TASK TO COMPLETE >>
Give exactly the lines from the one with "How to Create" through the final line of the listing below, both included, leaving out any pictures.

AVAILABLE DATA >>

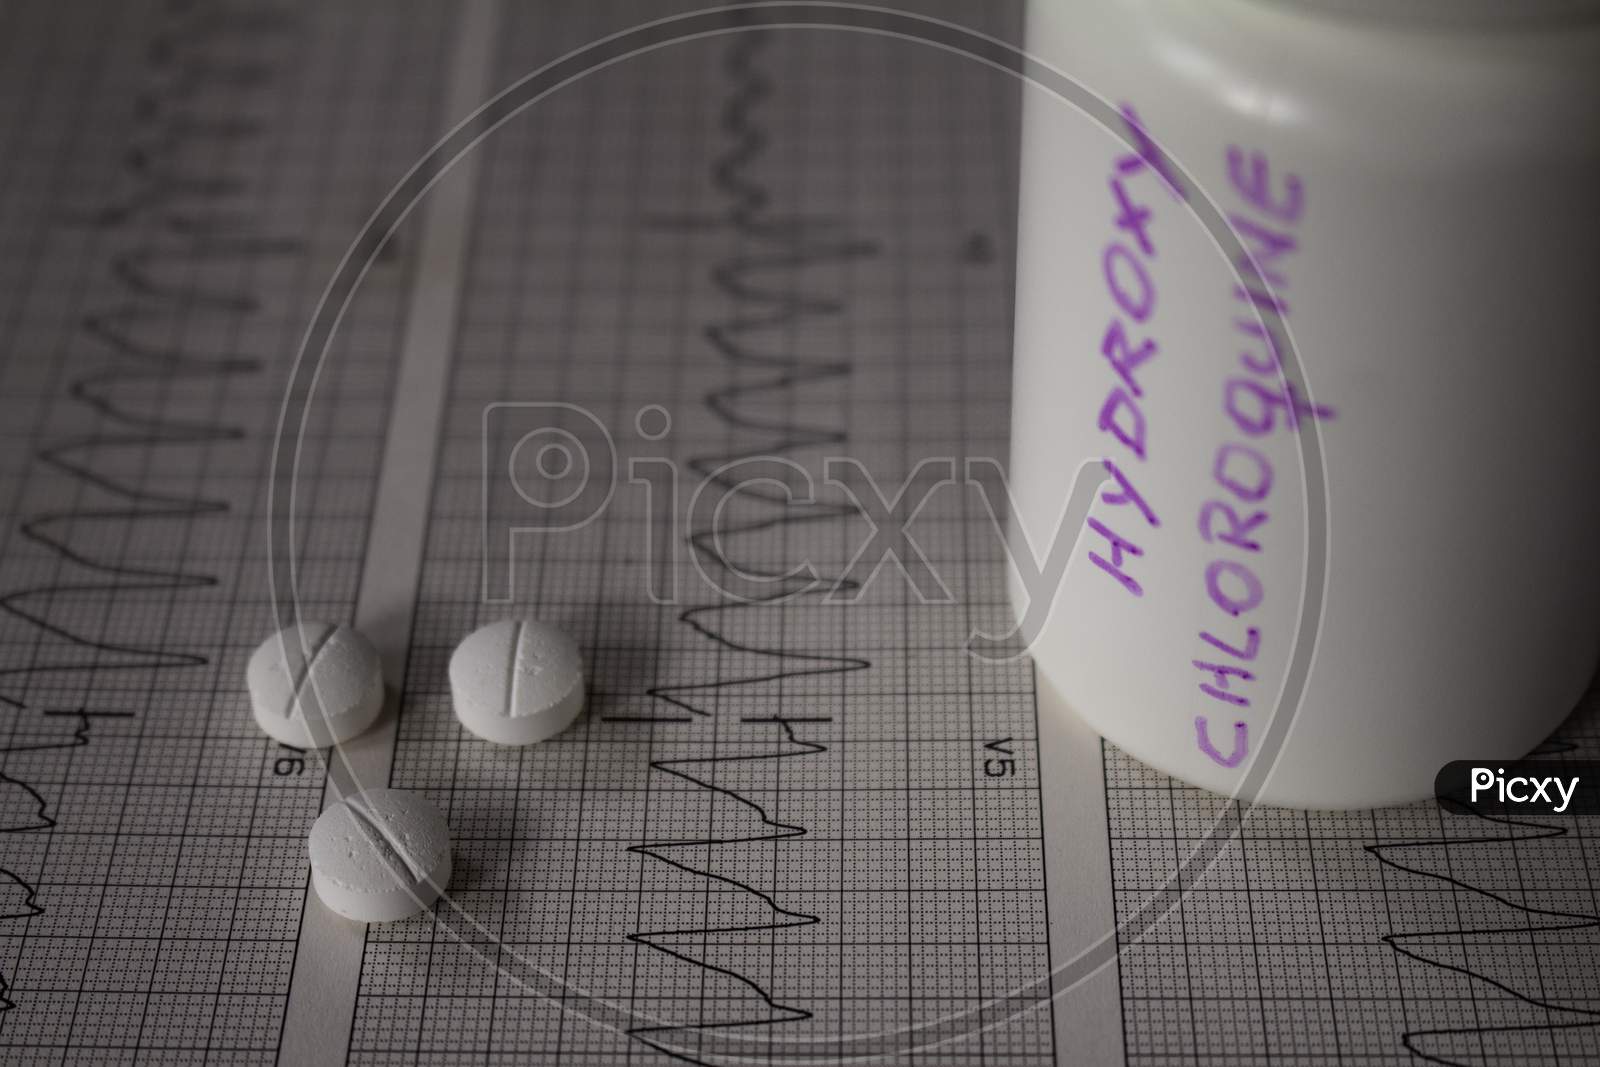 Adverse Effects On The Heart By Hydroxychloroquine Or Chloroquine. Pills On An Electrocardiogram With Cardiac Arrhythmias. White Container With "Hydroxychloroquine" Written On The Side.
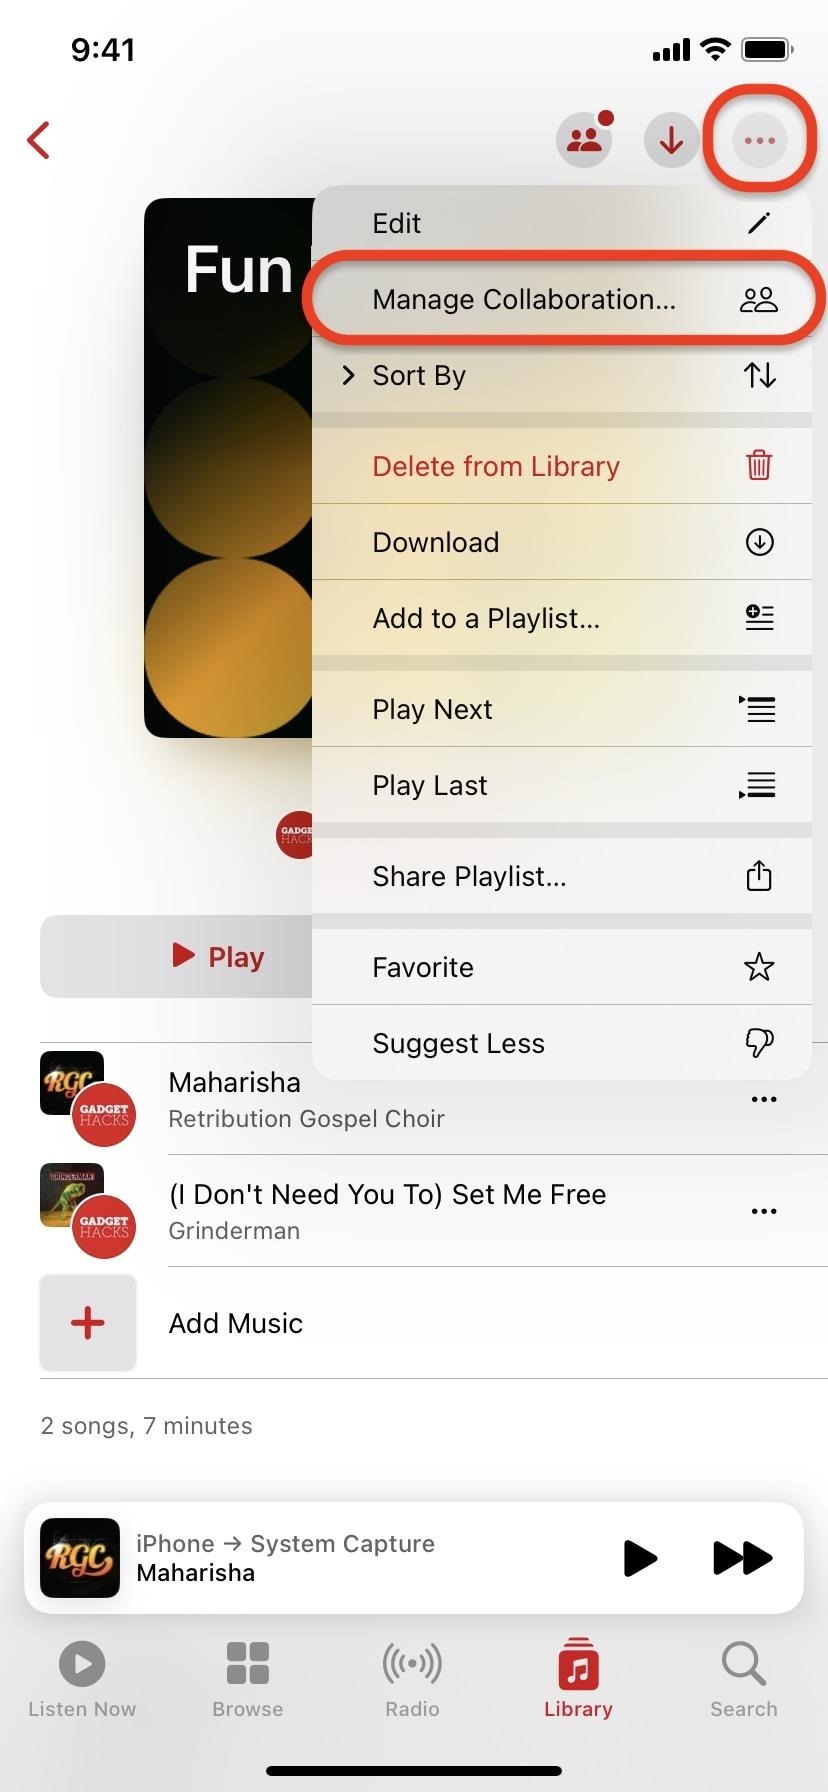 How to Create and Use Collaborative Playlists on Apple Music with Your Friends (Works on iPhone, Android, and More)
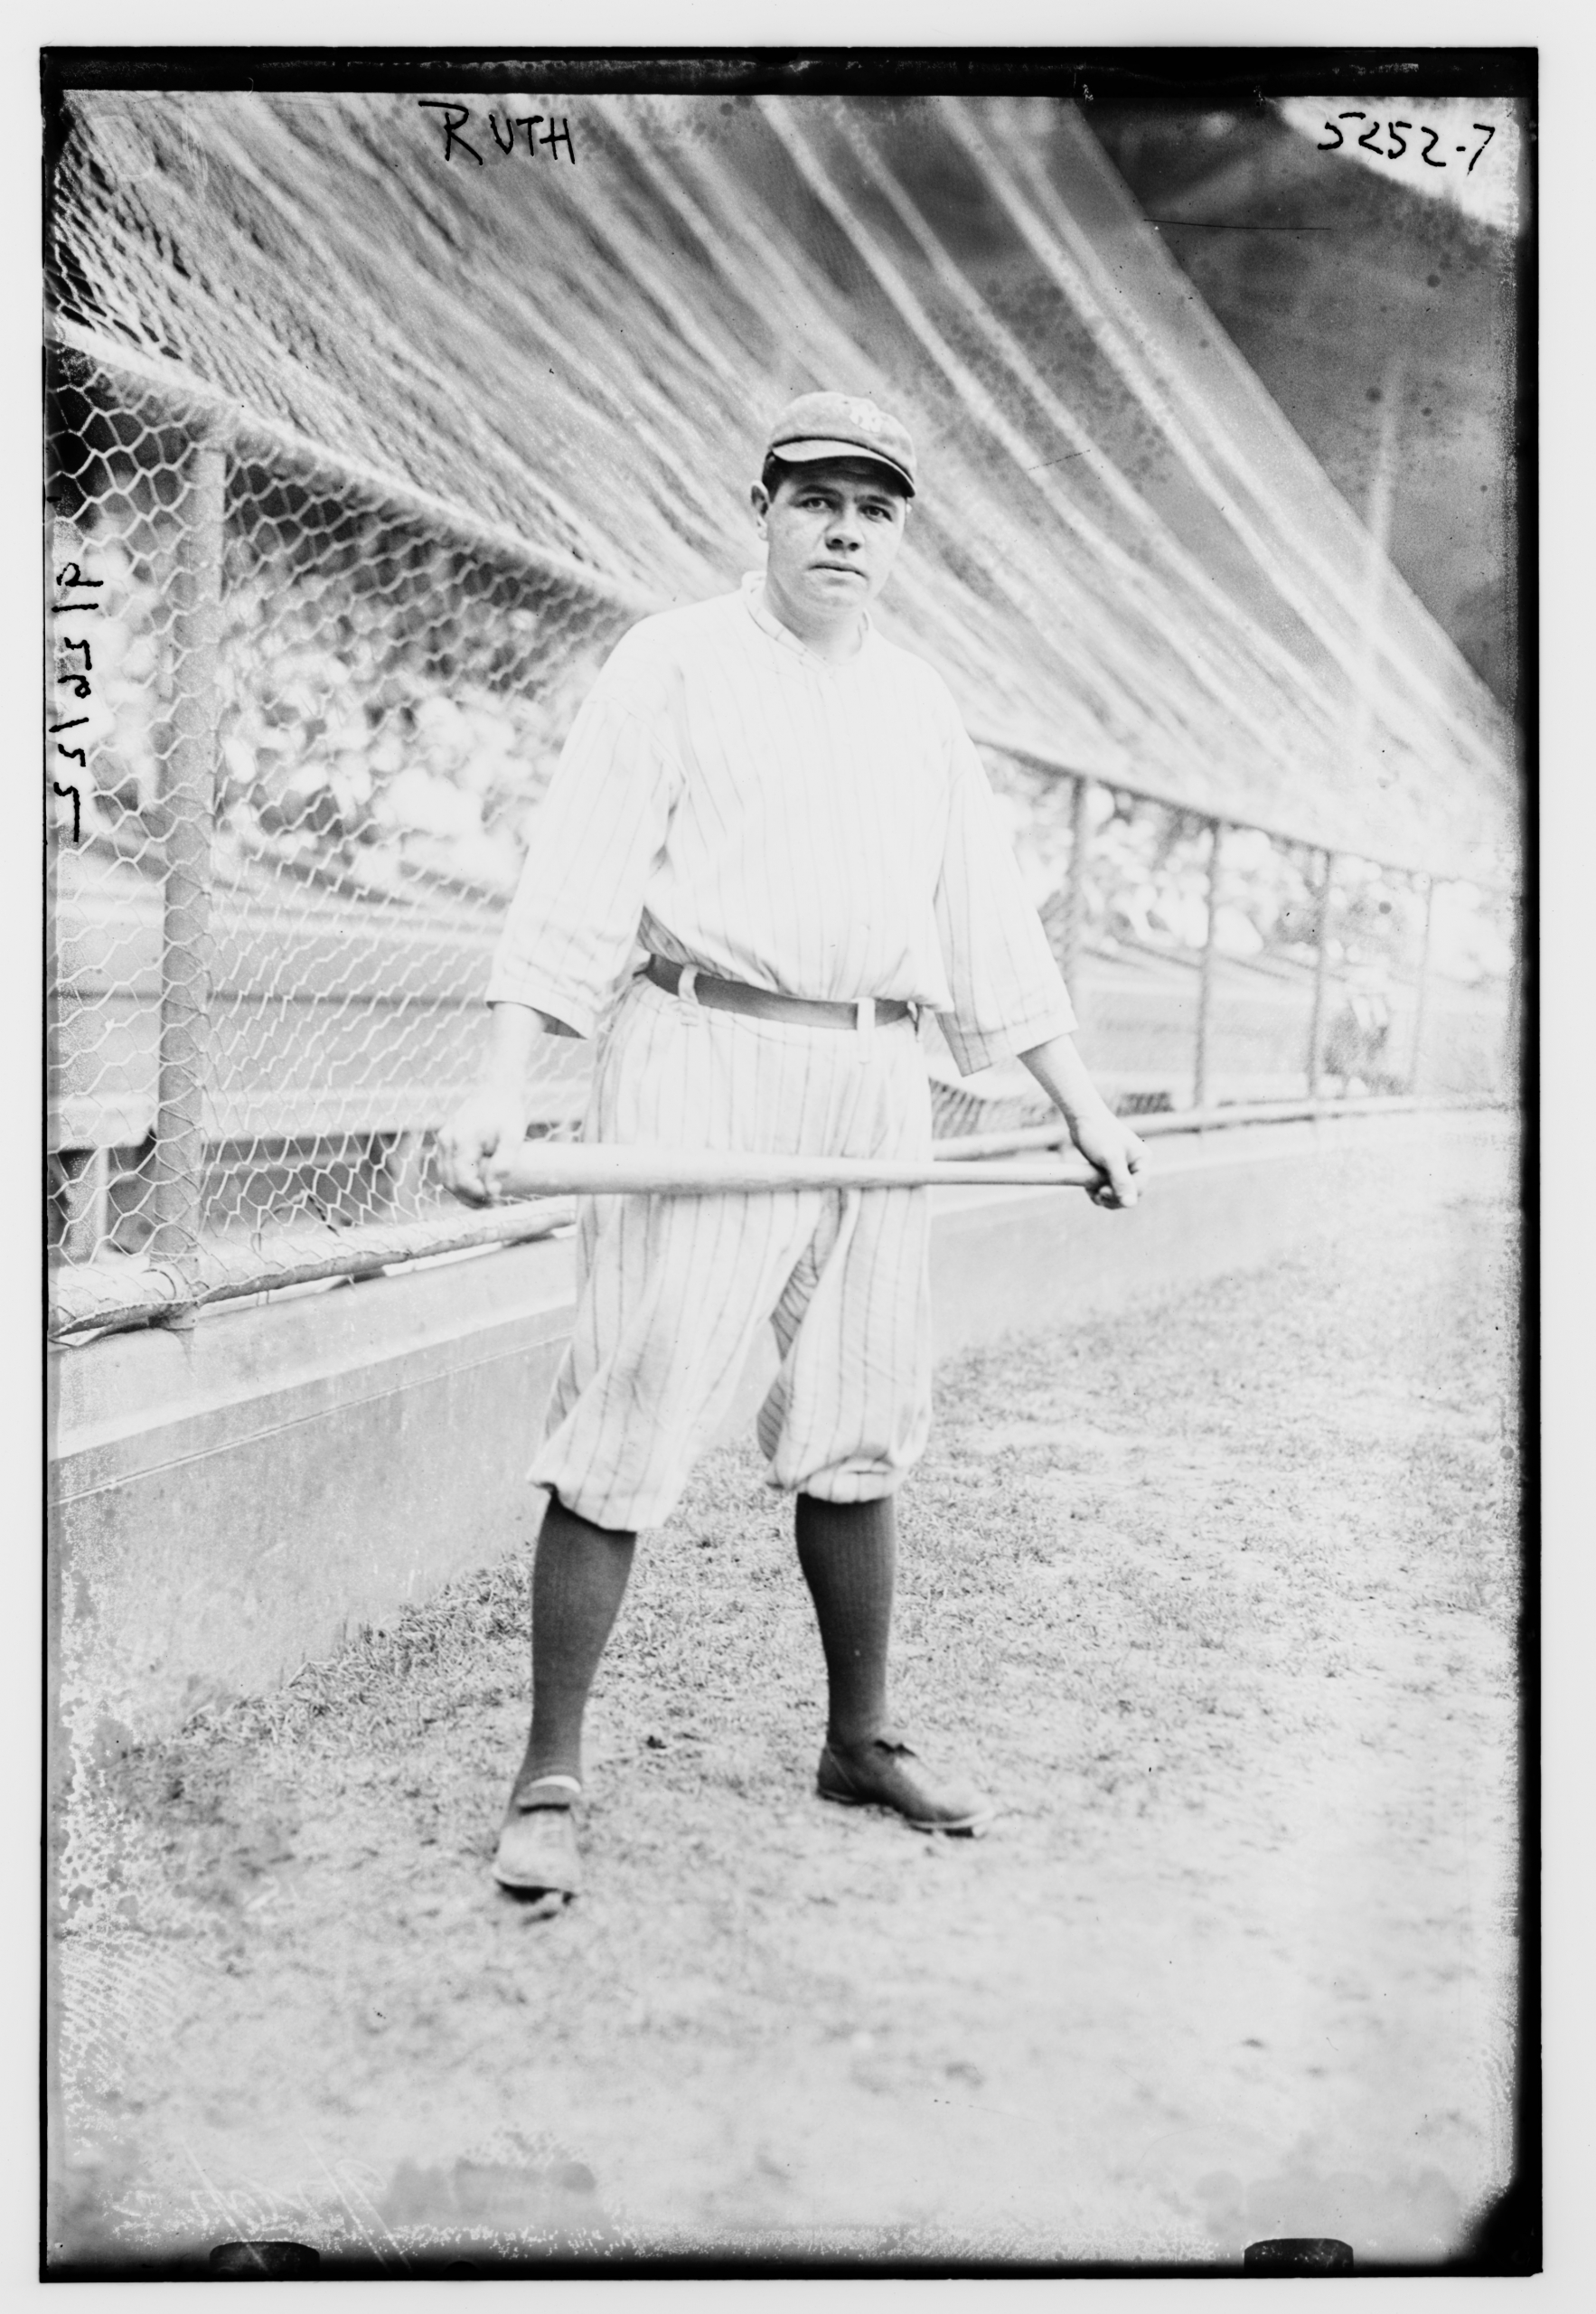 Babe Ruth (LIBRARY OF CONGRESS)

WRITTEN REPLY >>
 How to Create and Use Collaborative Playlists on Apple Music with Your Friends (Works on iPhone, Android, and More)
 Babe Ruth (LIBRARY OF CONGRESS)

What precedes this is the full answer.